We’ve been fighting against a 30- to 45-day closing for a long time. But I agree when experts predict AI tools could reduce closing timelines from weeks to potentially days in the next few years. My gut tells me that the longstanding goal of a seamless, real-time mortgage process, and being able to close based on the speed of your life instead of the speed of the financing, could finally be within reach.
But for every voice that champions AI as an enabler that spares mortgage professionals from repetitive work and administrative chores, there is an equally impassioned voice cautioning us about AI as a job-displacement disruptor. It’s up to us to proactively define how our roles as human beings will adjust and evolve in a post-AI mortgage operation, or we run the risk of increased efficiency translating to fewer employment opportunities.
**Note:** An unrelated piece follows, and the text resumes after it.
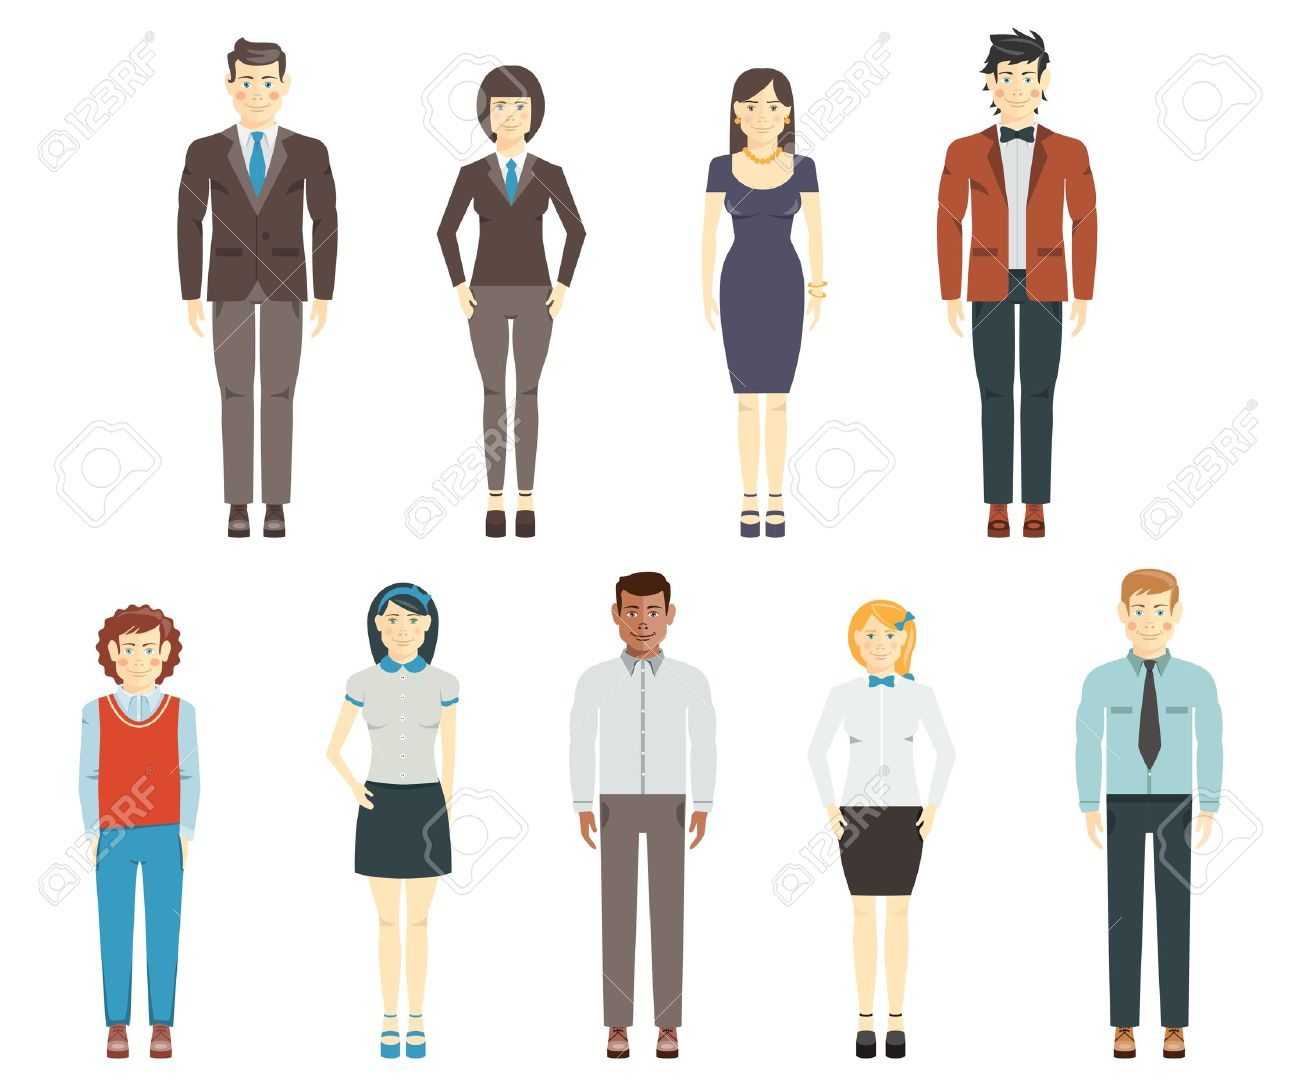 857 Professional Business Dress Women Stock Illustrations.

There’s also serious concern about trusting AI-generated industry insights and summaries over original data source materials, especially considering the potential for omissions, errors, and faulty data caused by hallucinations. Ensuring human oversight, transparency, and accountability will be crucial as AI-powered mortgage solutions mature.
Will AI become the enabler we hope it will be – one that enhances existing professions and positions? Or will it emerge as a disruptive force that fundamentally reshapes industry roles? The answer will depend on how mortgage professionals and lenders decide to adapt.
Yes, it’s possible for us to both embrace AI’s potencies and clearly define essential areas where human proficiency remains indispensable. By striking the right balance, the mortgage field has an enticing opportunity to improve accuracy, fairness, and convenience for borrowers while successfully weathering the inevitable changes to come.